Illias esquissa un faible sourire. Il était réellement fier de lui. L'armure du Sagittaire lui seyait à merveille. Le Lion avait l'impression de revoir son père, leur père, Hector du Sagittaire, dans une version plus jeune. Comment avait-il pu douter de lui ?
Au départ, Illias avait difficilement cru en ce gamin trop rêveur, mais terriblement obstiné et courageux. Aujourd'hui, l'aîné partait confiant, alors pourquoi ce poids dans sa poitrine ? Ce n'était pas la brûlure de ses poumons, mais bien son cœur qui se serrait.
Face à lui, il ne voyait pas l'honorable chevalier du Sagittaire, mais son petit frère qui cachait très mal ses émois. Sisyphe avait toujours été bien plus expressif que lui. Ses yeux brillants le touchaient. Illias ne pouvait pas rester de marbre. C'était son frère, son petit frère à lui.

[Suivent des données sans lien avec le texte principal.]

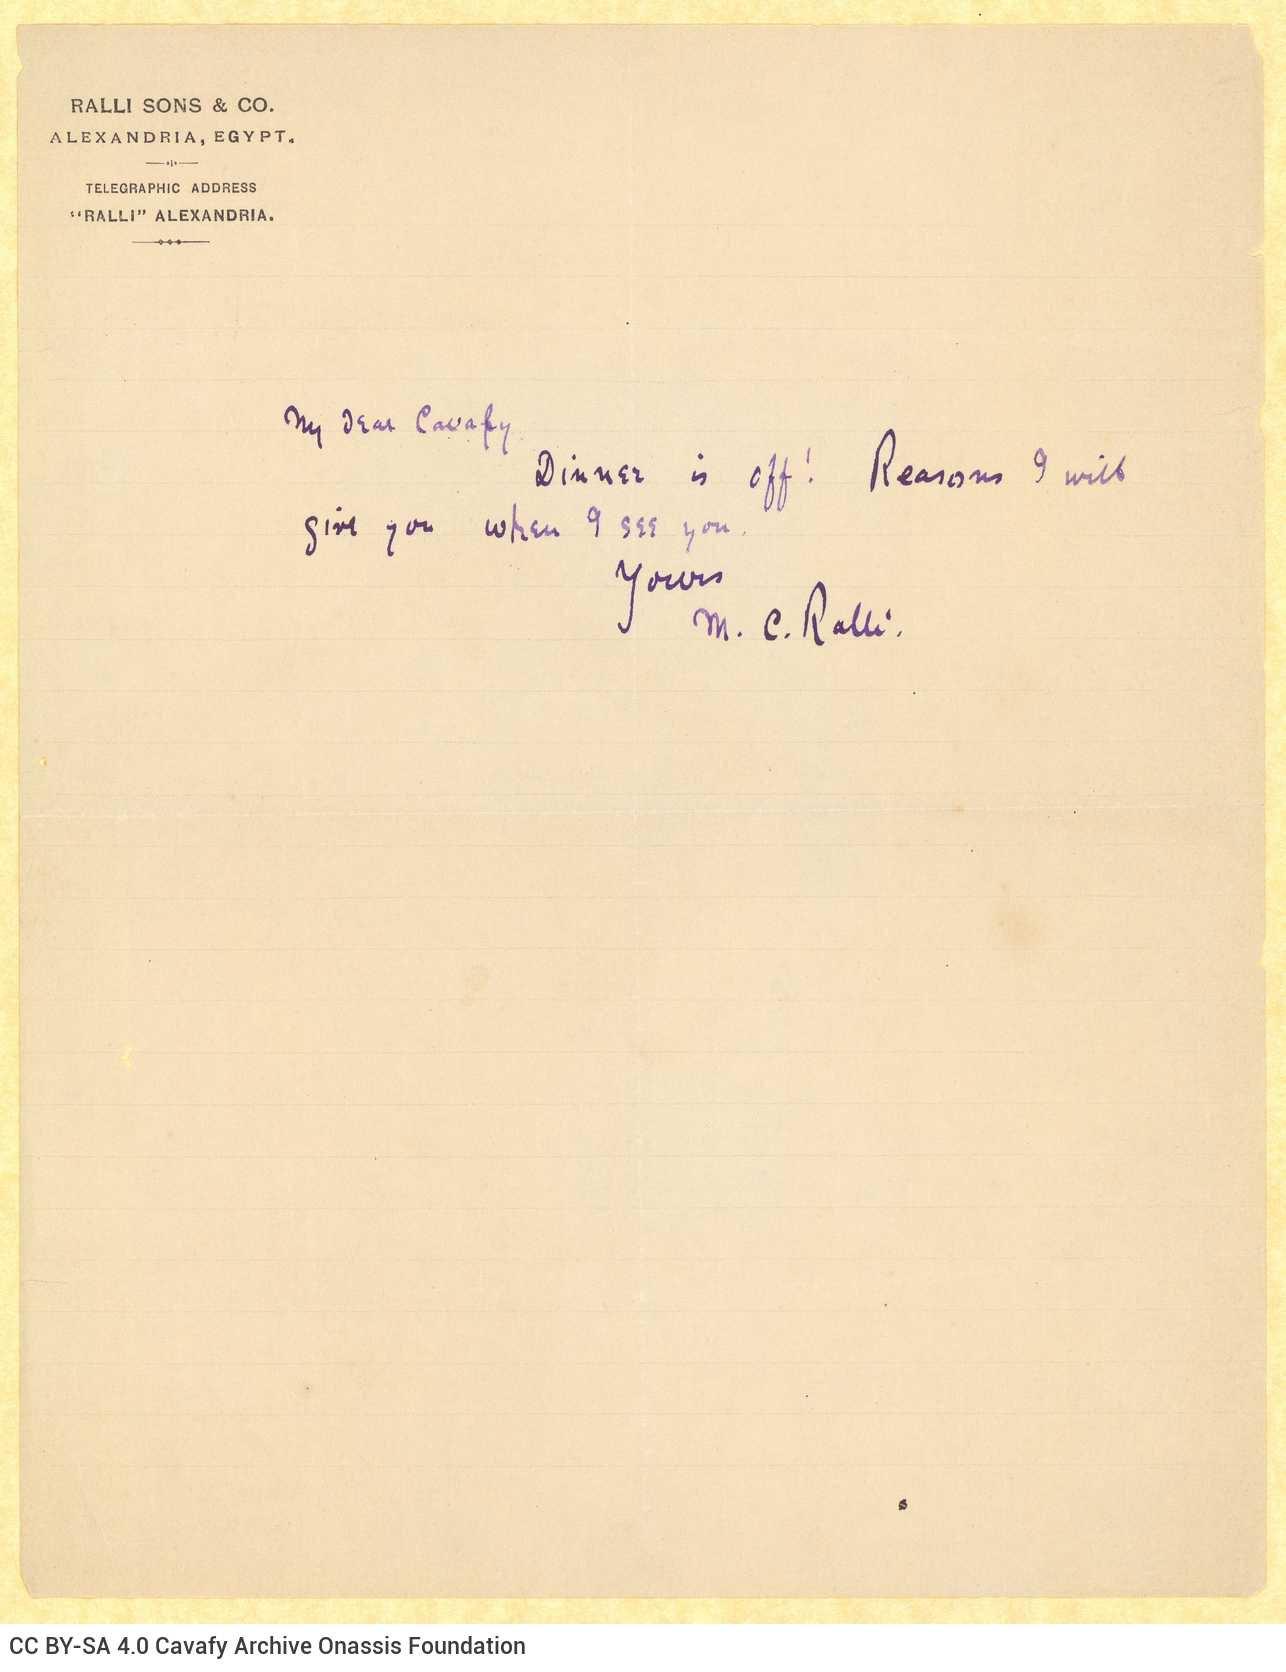 Χειρόγραφο σημείωμα του M. C. Ralli προς τον Καβάφη σχετικά με ακύρωση δε

– Est-ce que je te reverrai, Illias ? demanda Sisyphe avec une voix plus étranglée. Dis-moi que ce n'est pas un adieu. Dis-moi qu'on combattra ensemble.
Une fine larme coula sur la joue de Sisyphe. La tension dans la poitrine d'Illias s'accentua. Lui aussi se sentait sur le point de pleurer, alors qu'il n'avait plus versé de larme depuis la mort de son père lorsqu'il avait onze ans et qu'il était encore apprenti. A l'époque, Lugonis l'avait beaucoup soutenu. Il le prenait encore dans ses bras sans crainte. Son très cher Poisson, son tendre Lugonis qui allait aussi lui manquer.

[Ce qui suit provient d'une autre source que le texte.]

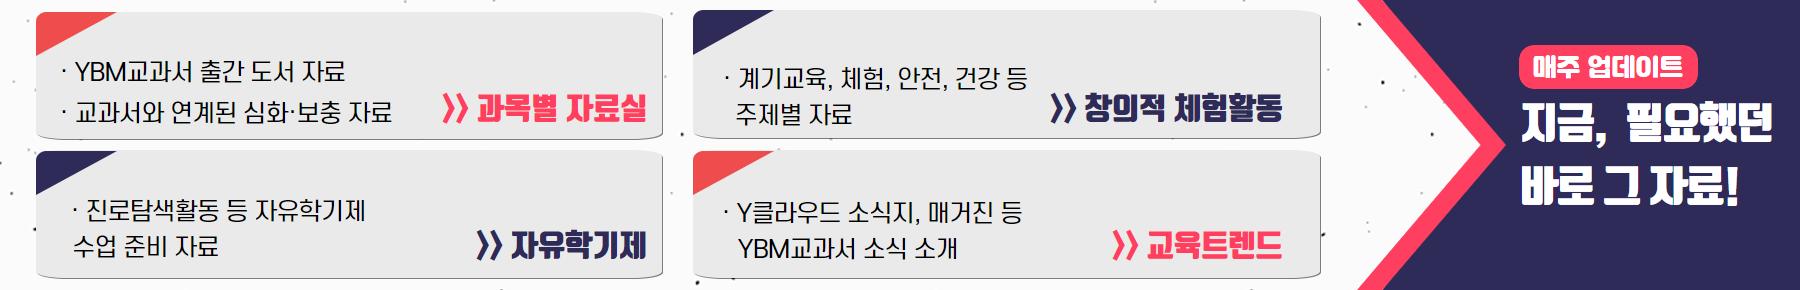 특화자료 서브배너 수정

Illias se souvenait de sa tristesse à l'époque. Il s'était senti seul au monde, ignorant encore que son père, le vaillant Sagittaire, avait d'ores et déjà semé quelque part les graines de son successeur. Aujourd'hui, Illias allait faire la même chose, mais il était triste à nouveau, triste de quitter son frère.
Spontanément, les bras de l'aîné s'enroulèrent autour du cou de Sisyphe et il l'attira contre lui. Le geste surpris le jeune chevalier qui resta bras ballants. En cinq ans, Illias n'avait jamais eu le moindre élan de la sorte.
– C'est juste un au revoir, Sisyphe. Nous sommes frères, et donc je serais toujours avec toi, d'une manière ou d'une autre.
Les bras du Sagittaire étreignirent enfin la taille d'Illias, toujours bien plus grand que lui. Il avait beau porter une armure d'or, il restait encore un amateur comparé à lui.
– J'avais encore tant à apprendre de toi, pleura cette fois le plus jeune.
– Je n'ai plus rien à t'apprendre, sauf peut-être à mieux faire ton lit.
Cette remarque fit sourire Sisyphe à travers ses larmes.
– C'est bien la première fois que je t'entends plaisanter, dit le Sagittaire en reniflant.
– Je pourrais encore te surprendre.
– Alors tu devrais rester.
– Je ne peux pas, malheureusement. Mais je ne pars pas les mains vides. J'emporte une grande richesse avec moi. Les souvenirs que j'ai avec toi me sont très précieux. Crois-moi, tu m'as apporté beaucoup de choses toi-aussi. Tu vas me manquer, petit-frère.
– Toi aussi, grand-frère. Tu seras toujours mon héros.
L'étreinte entre les deux frères se resserra. Illias essuya ses yeux humides tandis que Sisyphe épongeait ses larmes dans la tunique de son ainé. Il regrettait de porter son armure, car à cet instant, il n'était qu'un adolescent qui partageait un premier et dernier câlin avec sa seule famille.